とうもろこし(コーン)はメソアメリカの食事の主要な食材であり、先住民の宗教的な信念の重要な要素でした。アステカ文化では、とうもろこしとその成長サイクルの特定の側面が美しく強力な神々の形で表現されました。これには、「シンテオトル」(「神聖なとうもろこし」、若々しい神)や「シロネン」(「新鮮で柔らかいとうもろこし」、純潔な女神)などが含まれます。ここで見られる彫刻はおそらく、熟したとうもろこしを擬人化した女神「チコメコアトル」(「7のへび」)を描いています。

神は膝立ちの姿勢で座り、足を内側に向け、両手に一対のとうもろこしを持ち、頭には「アマカリ」(紙の家)と呼ばれる高い帽子を被っています。各上隅にはピンホイール型のロゼットが飾られ、一群の吹き流しは神の側面と後ろに垂れ下がっています。帽子の中央パネルには、折りたたまれた樹皮紙(アマトル)で作られた装飾があり、その上下にはねじれたロープが飾られています。上部には城壁状の模様と華やかなモチーフのバンドがあり、これらの衣装要素は農業の祭りの際に一般的なものでした。祭りでは、神々の格好をした神官や敵の捕虜が神聖な歌を歌い、踊り、豊かな収穫を得るために犠牲を捧げる儀式が行われました。
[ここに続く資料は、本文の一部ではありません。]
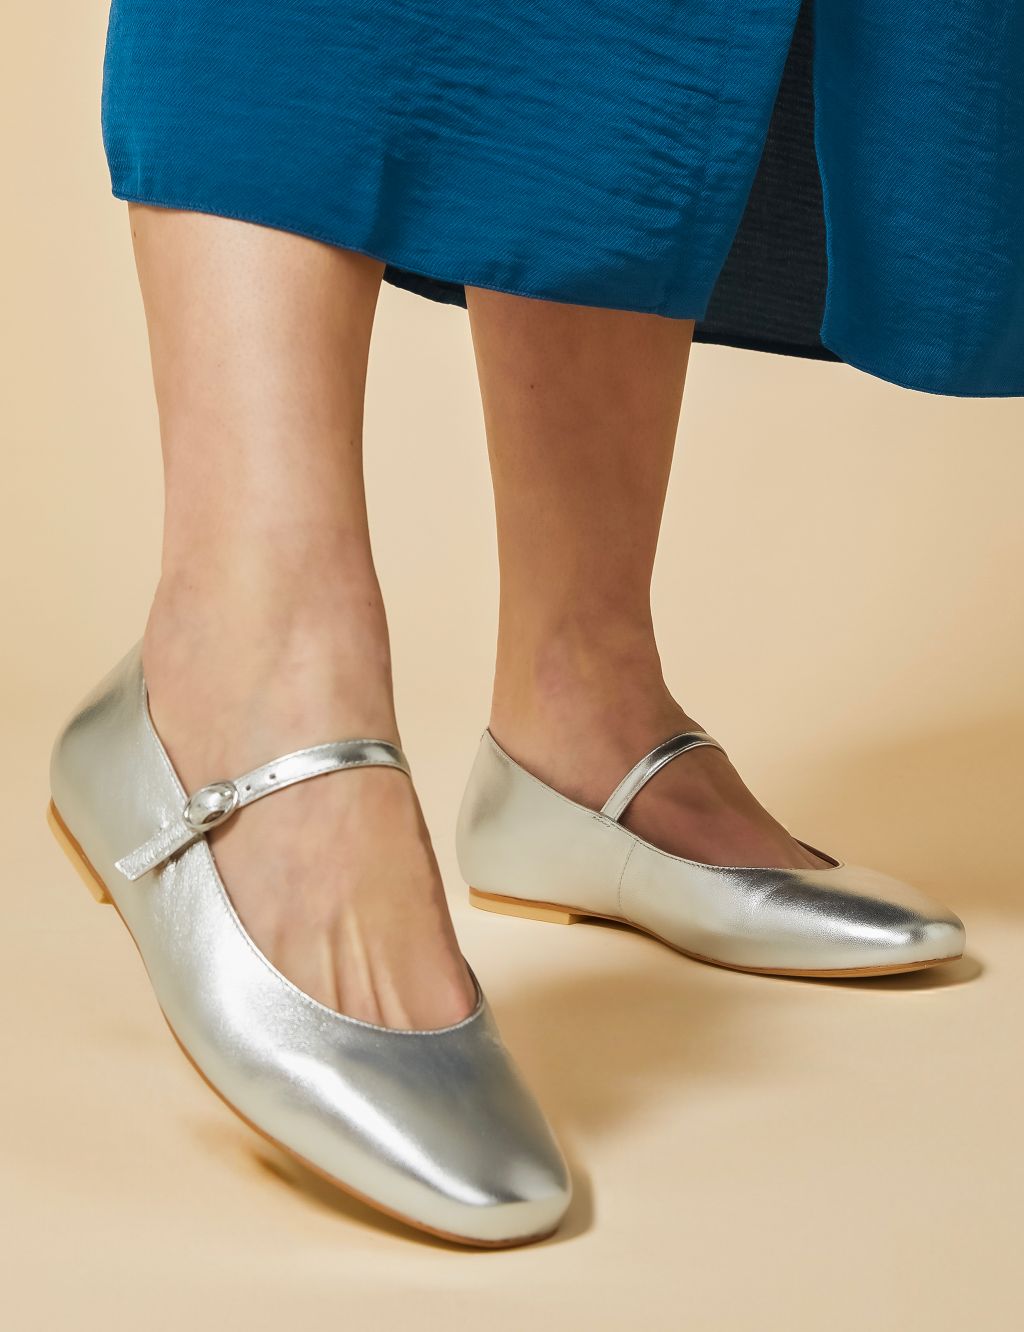 A guide to wearing flat shoes from Jones Bootmaker

ここでは、とうもろこしの経済的な描写が、同一で鈍く、直立した位置に配置されることで、その象徴的な側面を強調し、巨大な紙の冠の垂直な勢いを繰り返しています。とうもろこしのように、女神もまたある程度一般的に描かれています。彼女の個々の特徴(コーヒービーンのような目、細い唇、控えめな鼻)は、ほとんど完全に彼女の複雑で建築的な装飾によって包み込まれています。このように、女神は匿名の母性の力、保護の象徴、農業の多産の具現として概念化されています。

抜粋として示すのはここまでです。